Type DOC OPTIMOPTIONS for a list of solvers.
Walter Roberson
Walter Roberson on 15 Jun 2018
options = struct('PlotFcn',...
{@gaplotbestf, @gaplotbestindiv, @gaplotexpectation, @gaplotstopping});
You could also use options = [] as that option is just adding on plotting while the ga optimizes for a few seconds.
Saber_phy
Saber_phy on 16 Jun 2018
thank you once again, please be patient with me, I remind you that informatique is not my domain and I am a beginner in matlab, I try all the advice that you give to me but the program run without stopping. maybe the problem is in the declaration of my fitness function, if you have understood the idea of my problem can you give me a proposal of a fitness function to fit a nonlinear equation to data with the genetic algorithm and to minimize it. I'm stuck in this task for a long time, i would be very grateful if you could help me.
Walter Roberson
Walter Roberson on 16 Jun 2018
I have attached the exact files I used. Execution requires less than 3 seconds.

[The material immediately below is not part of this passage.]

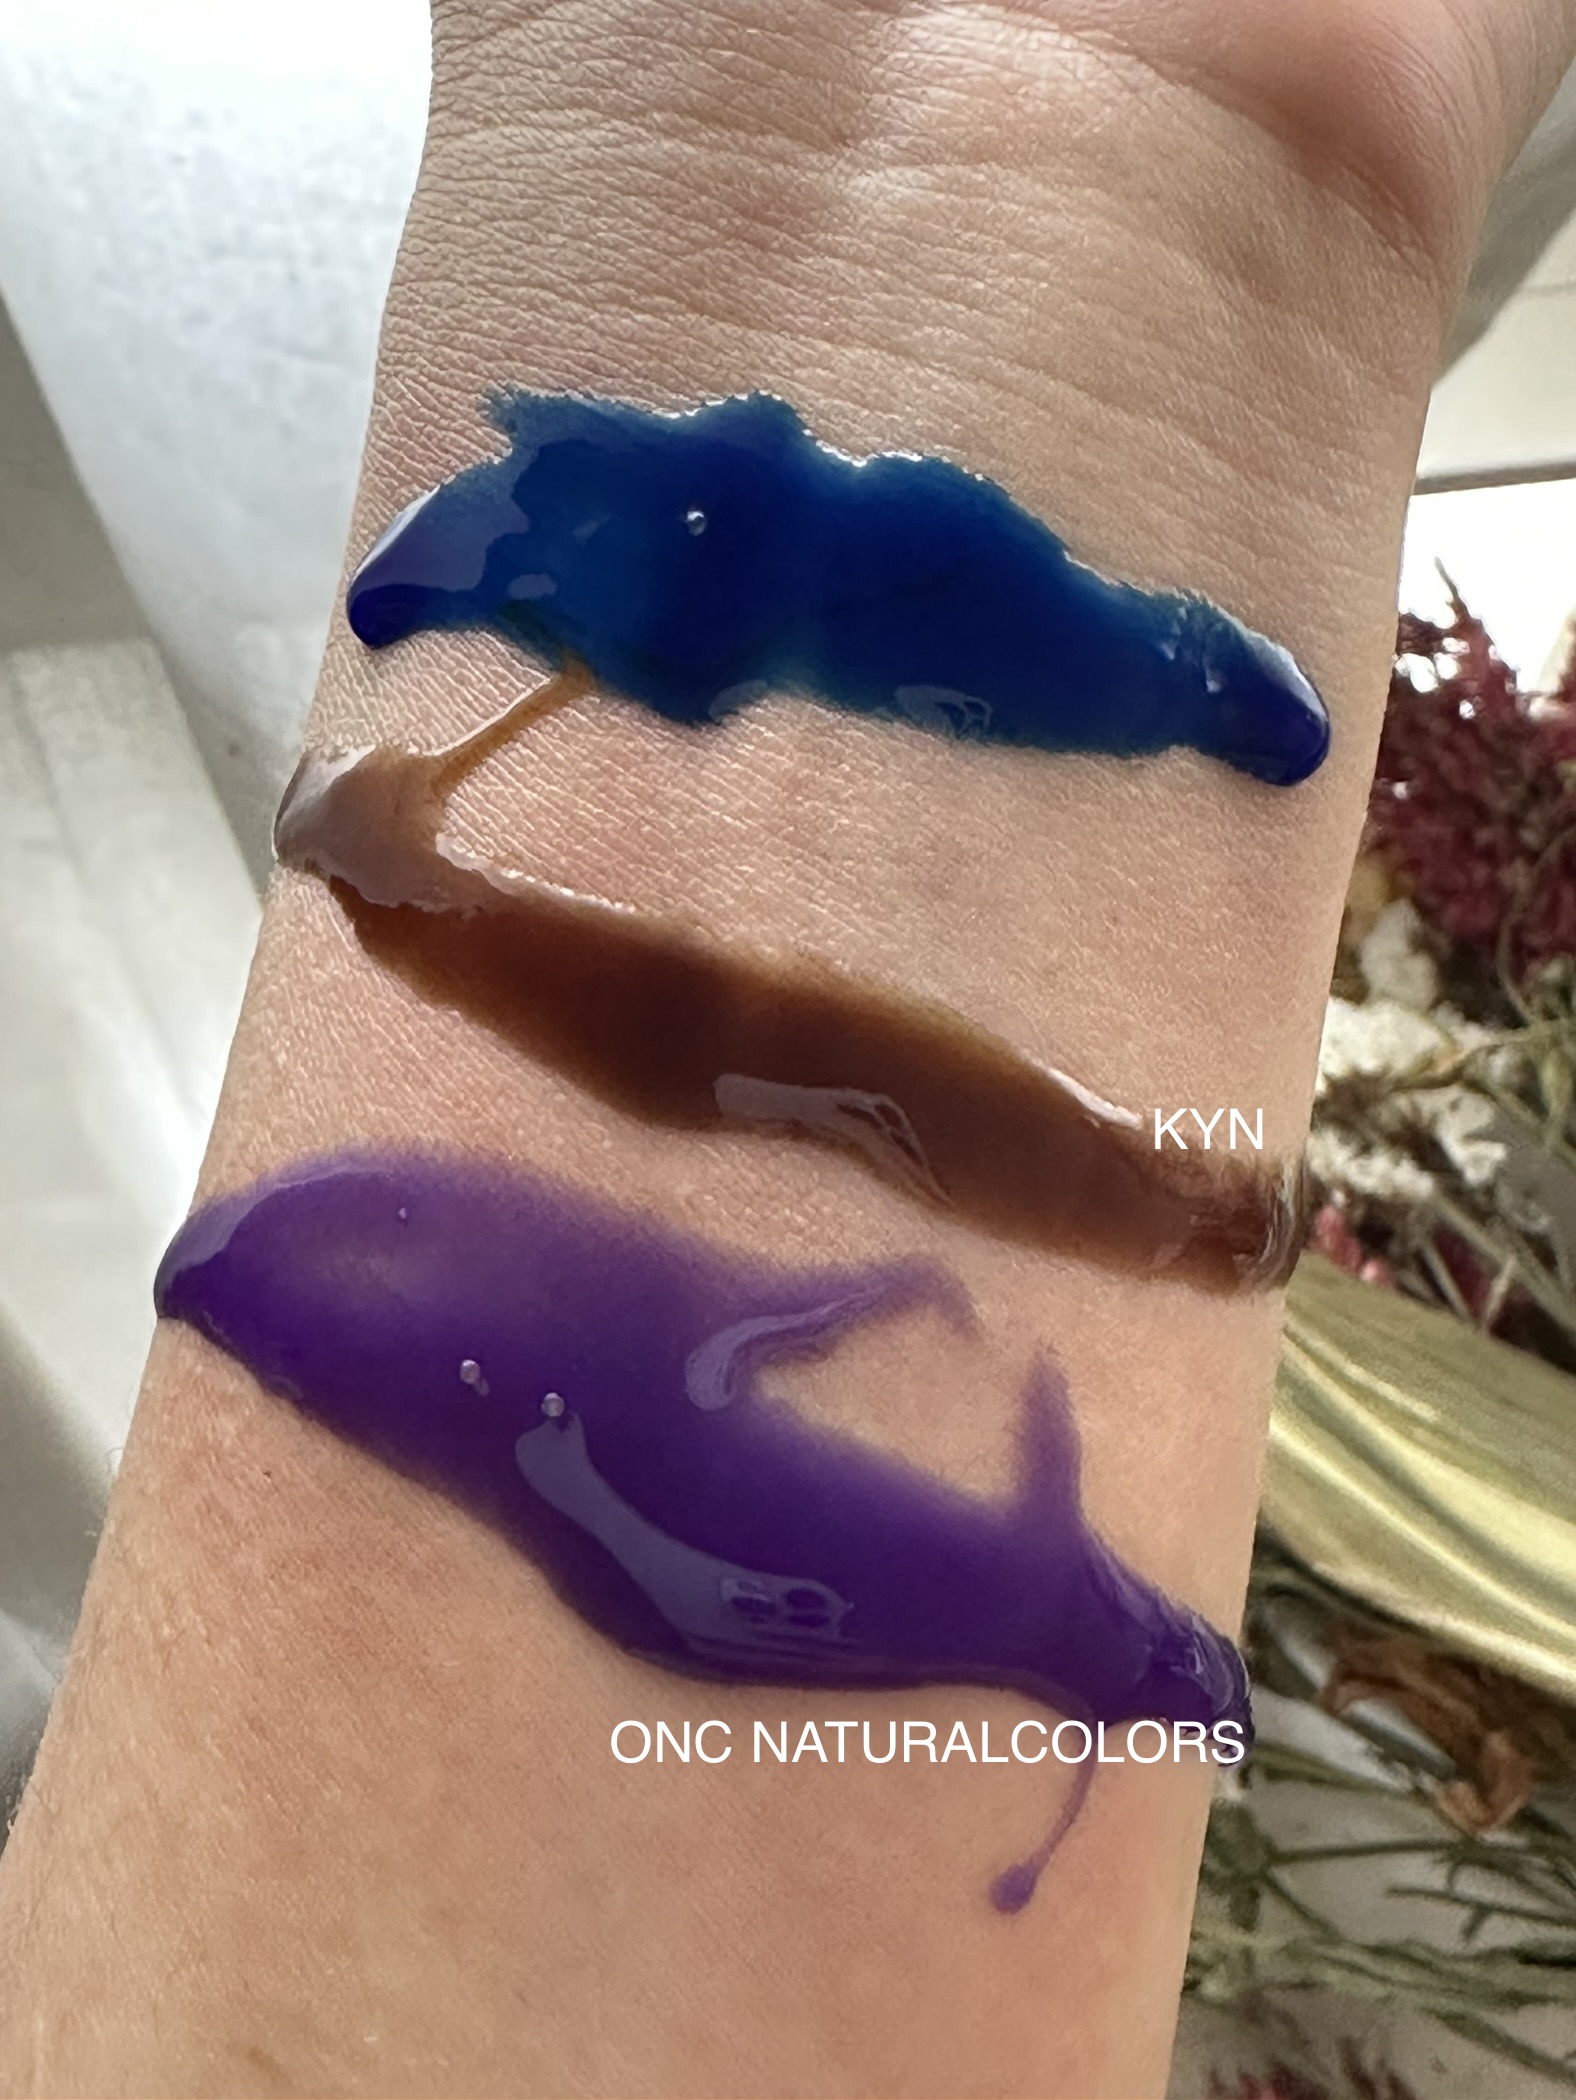 purple vs blue shampoo

More generally, the approach I would use would be to use the Symbolic Toolbox to prepare the function to be minimized:
t=[0 2 4 6 8 10 12 14 16 18 20 22 24 26 28];
Rexp=[1.7987e-05 3.07996e-05 3.90531e-05 1.89562e-05 2.82794e-05 5.55377e-05 4.75723e-05 6.2447e-05 5.35282e-05 5.16775e-05 4.67144e-05 4.63215e-05 6.62753e-05 3.72551e-05 3.54374e-05];
syms R
prediction = R*(1-exp(-t./40));
actual = Rexp;
residue = sum((actual - prediction).^2);
F = matlabFunction(residue);
nvars = 1;
A = []; b = [];
Aeq = []; beq = [];
lb = []; ub = [];
nonlcon = [];
options = gaoptimset('PlotFcn', {@gaplotbestf @gaplotbestindiv @gaplotexpectation @gaplotstopping}, ...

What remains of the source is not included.